Brasilien habe kein Regierungsprogramm, um mit dem Thema umzugehen, so der Childhood-Manager, das für ihn Teil der notwendigen Lösungen für die Kinderheirat sei. Gonçalves weist auch auf die Notwendigkeit hin, das Thema sowohl zu Hause als auch in der Schule durch Sexualerziehung zusätzlich zum Gesetz „nackt und roh auf dem Papier“ sichtbar zu machen.

Für ihn sollte das Gesetz übrigens eine Eheschließung vor dem 18. Lebensjahr ausnahmslos komplett verbieten. Schließlich ist auch ein Programm, das Mädchen tatsächlich befähigt, ihre Lebensprojekte zu verwirklichen, ein zentrales Element sowie die Sensibilisierung der Bevölkerung. „Das wird als etwas Randständiges angesehen, als ob es in unserer Gesellschaft kein Problem wäre“, sagt Gonçalves. “Es herrscht ein großer Mangel an Wissen über die Gesetzgebung und die Folgen für Kinder und Jugendliche.”

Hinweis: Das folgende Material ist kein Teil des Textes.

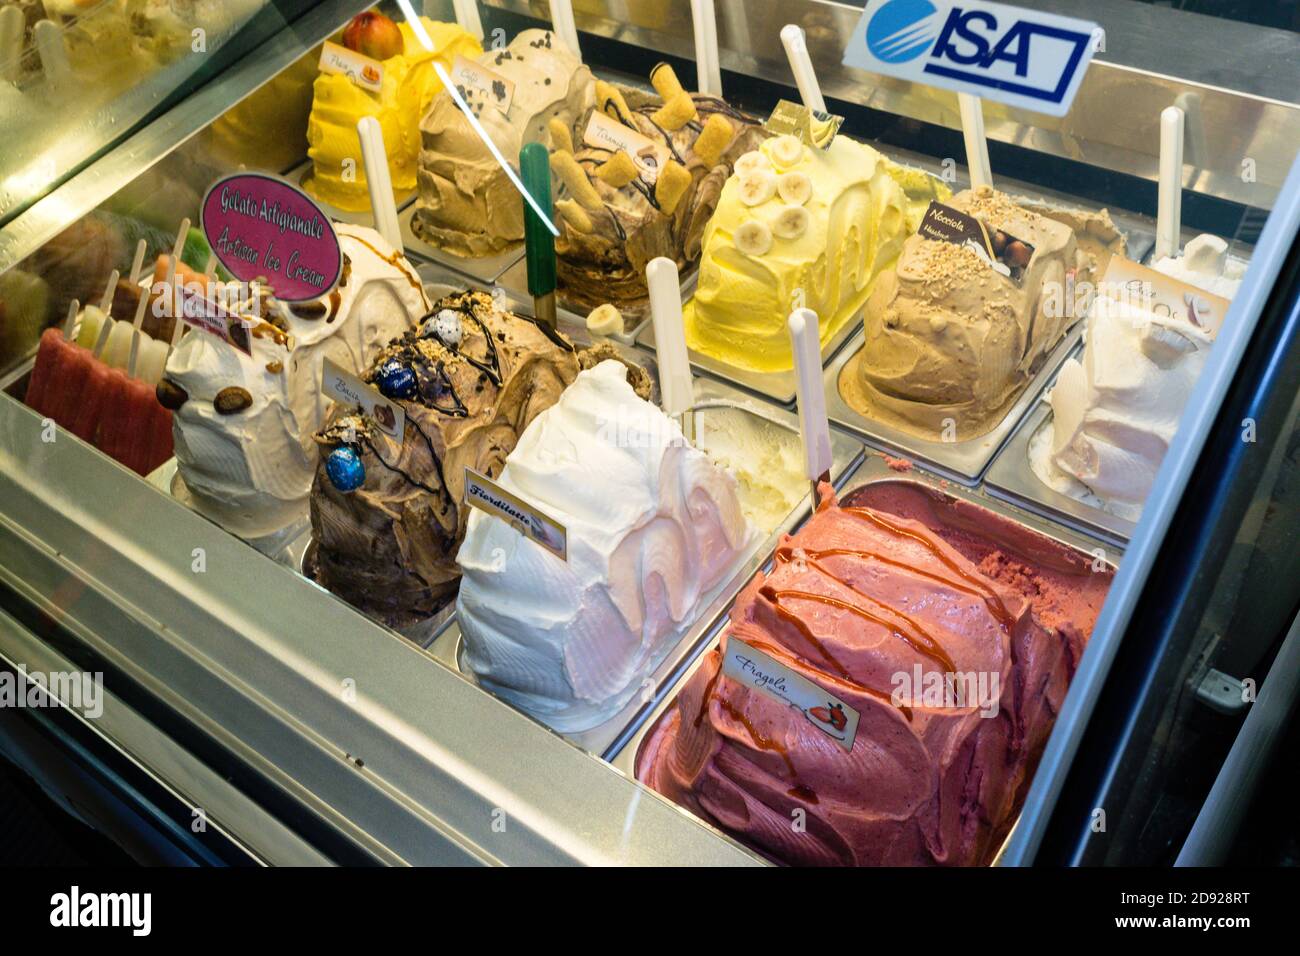 VENISE, ITALIE - 10 octobre 2017 : une grande dose de glace appétissante à l'intérieur d'un congélateur à venise, Italie Banque D'Images
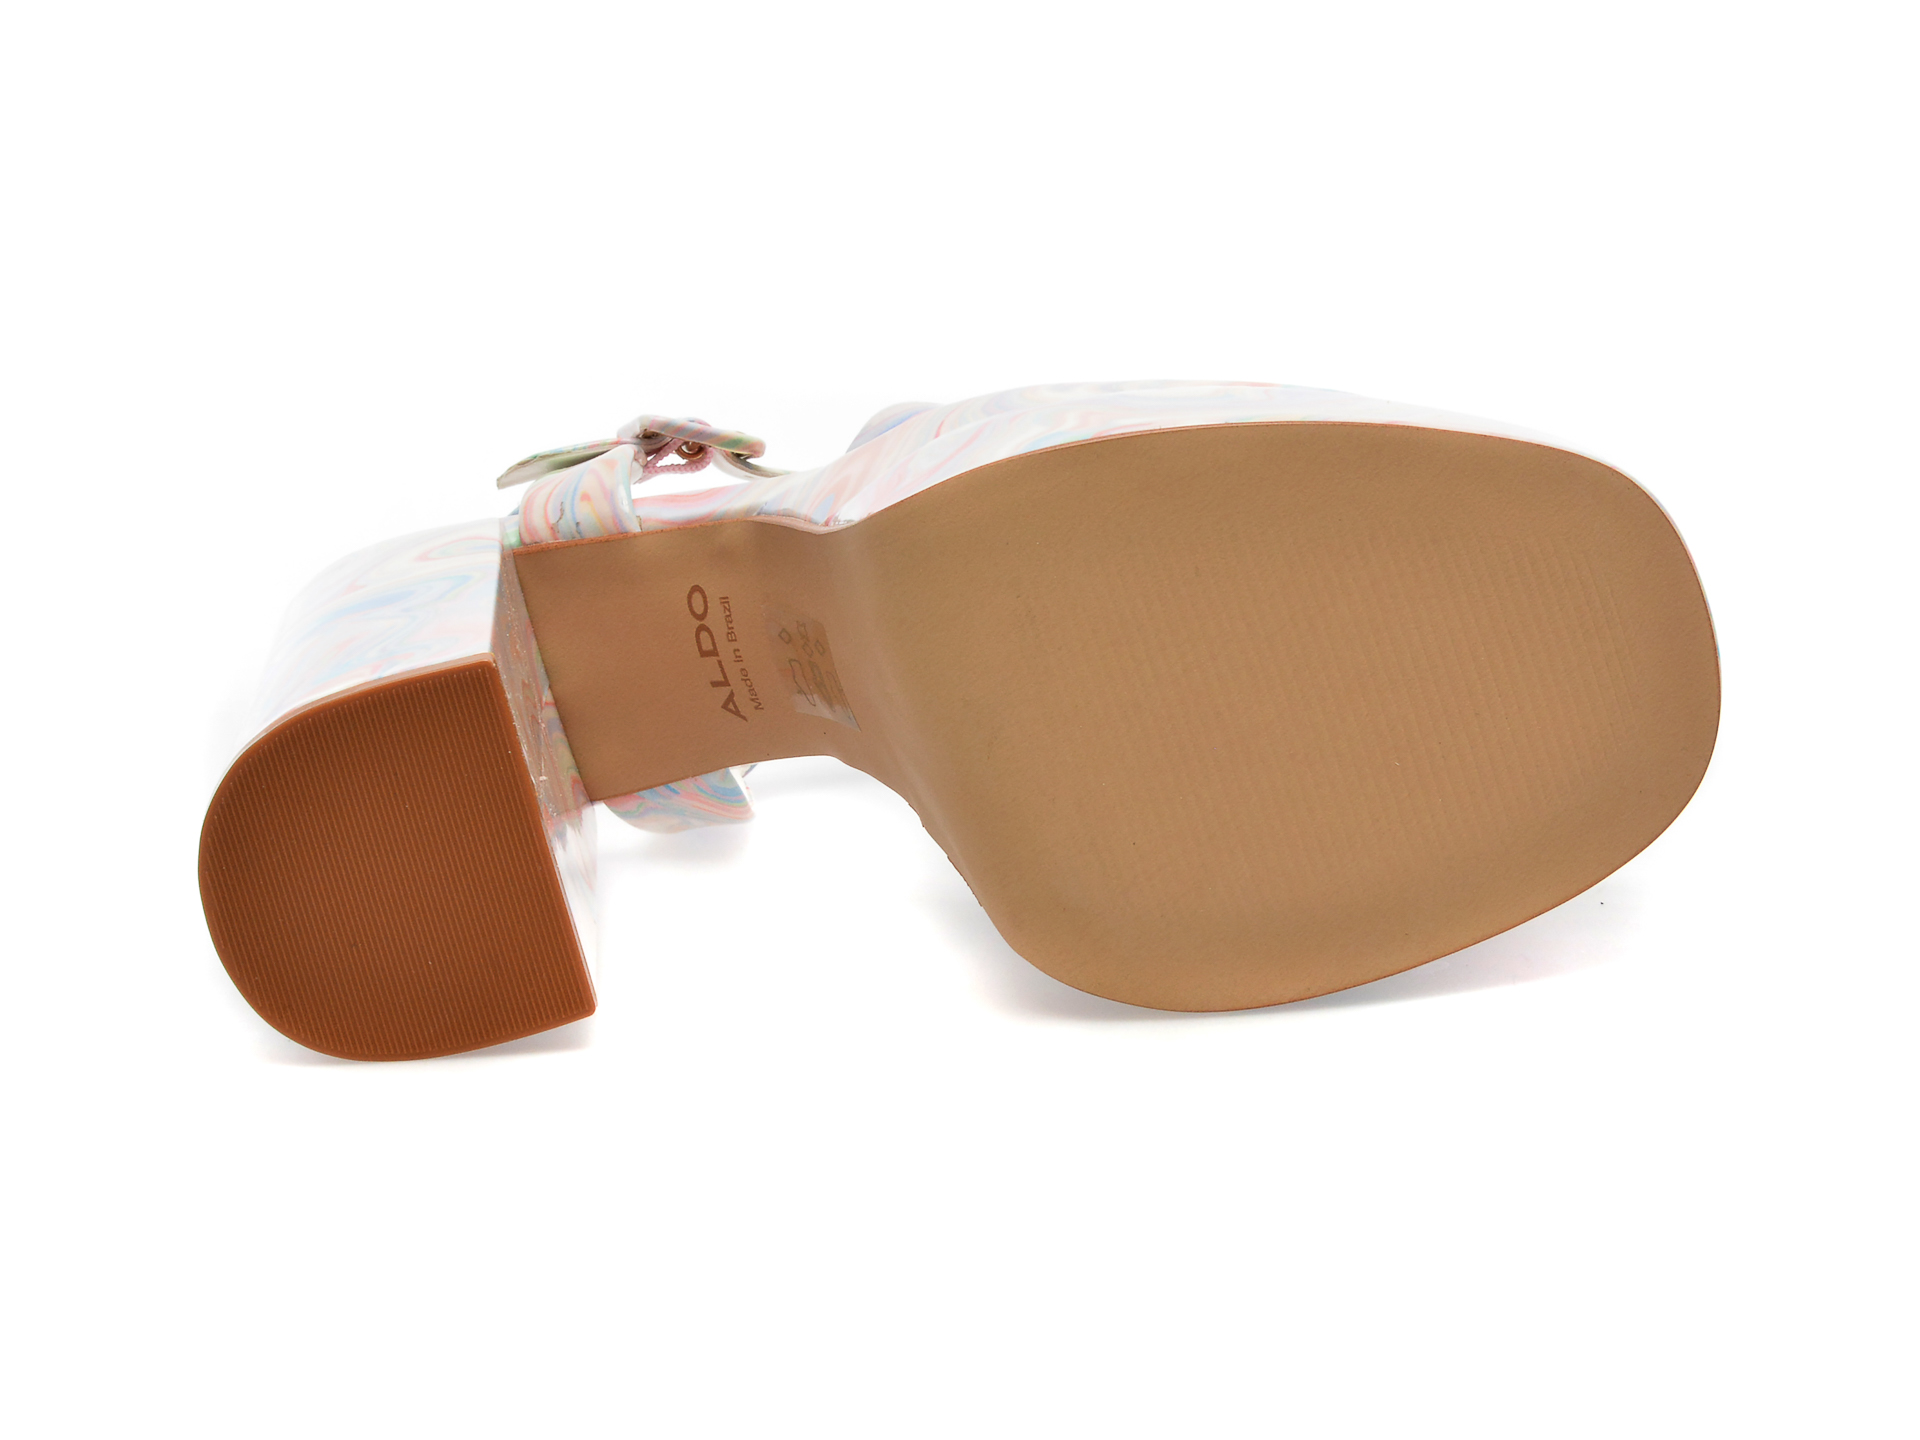 Sandale ALDO multicolor, GISELL963, din piele ecologica

Die Beendigung der Kinderehen bis 2030 ist eines der Ziele der Vereinten Nationen für nachhaltige Entwicklung. Zu den Lösungen gehören neben Gesetzen und öffentlichen Maßnahmen zum Schutz von Kindern die Gewährleistung von Bildung und sexueller und reproduktiver Gesundheit, die Durchführung von Sensibilisierungskampagnen und die Einbeziehung von Kindern und Jugendlichen selbst in die Aktionen.

Die prognostizierte Verschlechterung der Raten in der Pandemie sei zwar wahrscheinlich, aber kein Schicksal, sagt UNICEF. „Wirksame Programme im großen Stil können das Heiratsalter junger Menschen verzögern und die Zahl der Kinderehen halbieren“, so die Organisation.